Democratic presidential hopeful Sen. Elizabeth Warren who on Wednesday became the latest candidate to release her 2018 federal tax returns, paid about $231,000 after deductions on an adjusted gross income of nearly $850,000 between her and her husband, the documents show.
“I’ve put out eleven years of my tax returns because no one should ever have to guess who their elected officials are working for. Doing this should be law,” Warren said in a statement.
The documents show Warren and her husband paid $230,965 after deductions in federal taxes and reported earning $905,742 in total income. After deductions, the couple reported an adjusted gross income of $846,394.
The income included her 2018 Senate salary of $176,280 and her husband Bruce Mann’s $402,897 salary from Harvard Law School, where he’s a professor.
Warren also reported earning $324,687 for work as a writer. Warren’s latest book, “This Fight is Our Fight,” was released in 2017. She received a $300,000 advance for the book, according to financial disclosure forms she filed to run for president.
Warren published the previous 10 years of her tax returns last August alongside the introduction of an anti-corruption bill in the Senate, which would require the IRS to release the past eight years of tax returns for all presidential, vice presidential and congressional candidates.
Other Democratic hopefuls Sen. Kirsten Gillibrand of New York and Washington Gov. Jay Inslee have also released their 2018 tax returns. Sen. Bernie Sanders of Vermont, running for a second consecutive presidential election, has yet to release his tax returns despite a promise to do so in February. He has told the New York Times that he will release 10 years of his returns by Monday April 15 — Tax Day — and revealed he’s now a millionaire due to the sales of his book.

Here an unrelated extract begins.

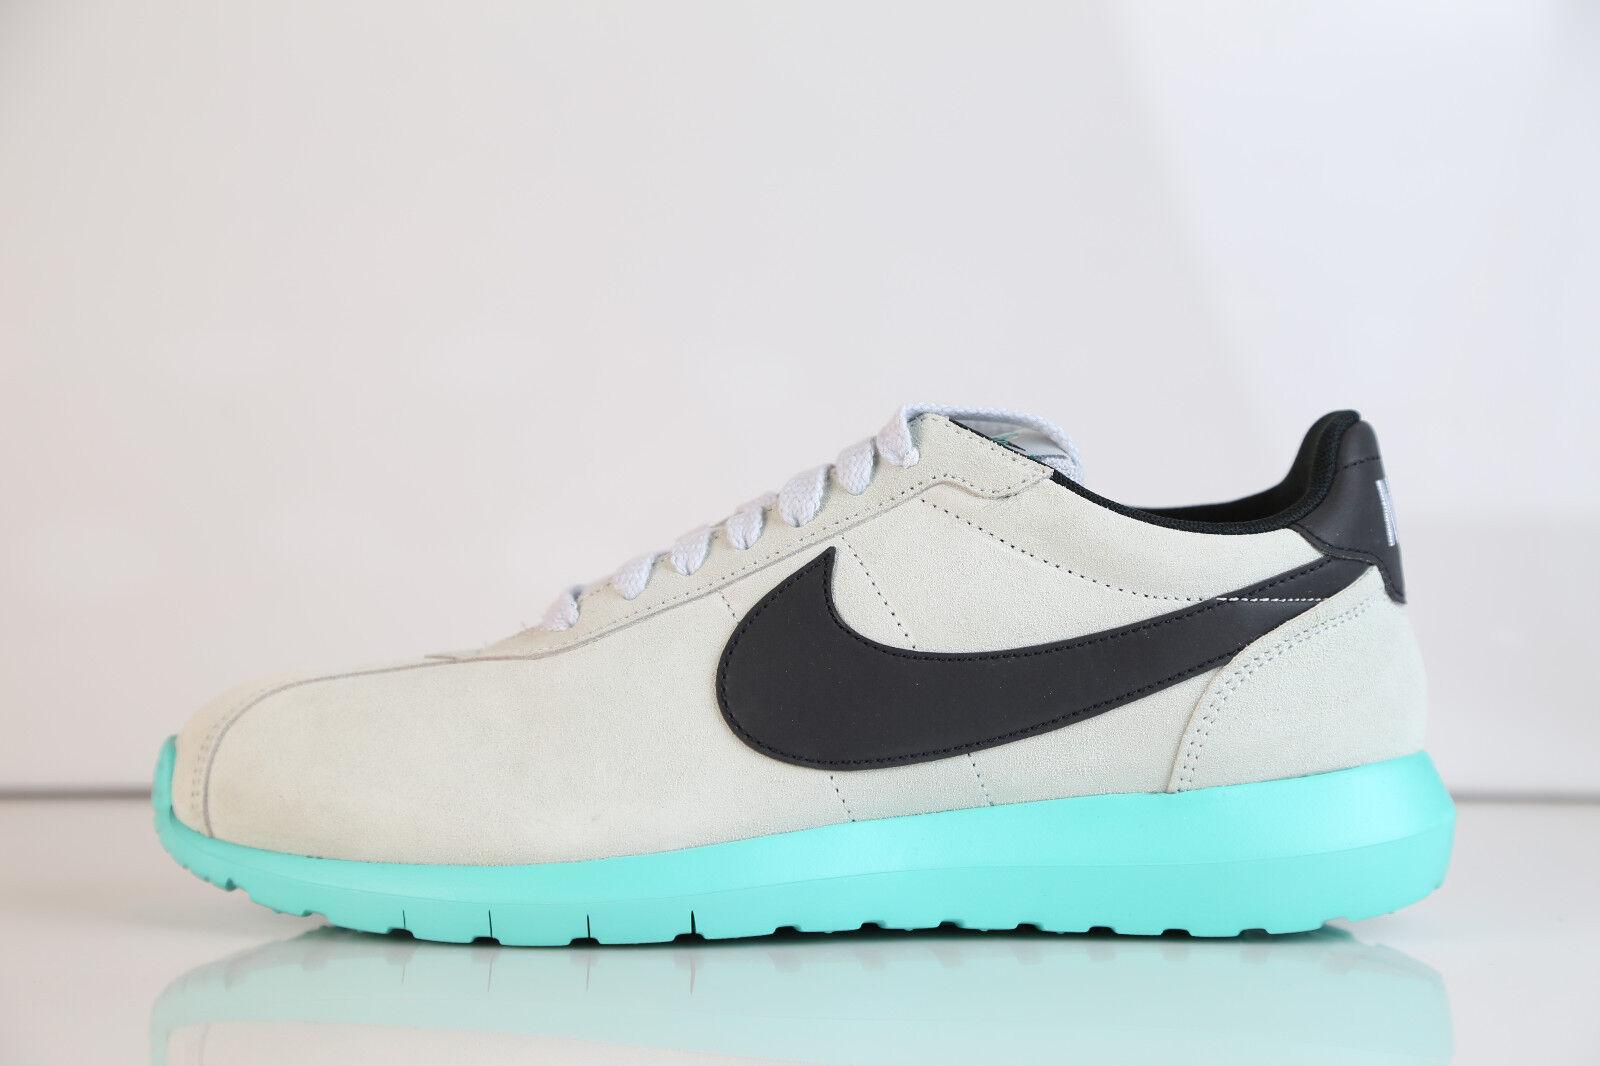 Nike Roshe LD-1000 QS Pure Platinum Calypso 802022-003 9-11.5 run free 1 11

Sen. Amy Klobuchar of Minnesota released 12 years of tax returns through 2017 earlier this month.
The release of tax returns on the Democratic side stands in contrast to President Donald Trump, who Democrats continue to pressure for tax returns.
Last week, the chairman of the House Ways and Means Committee, Democratic Rep. Richard Neal from Warren’s home state of Massachusetts, requested six years’ of Trump’s personal and business returns, a move that could prompt a fierce legal battle.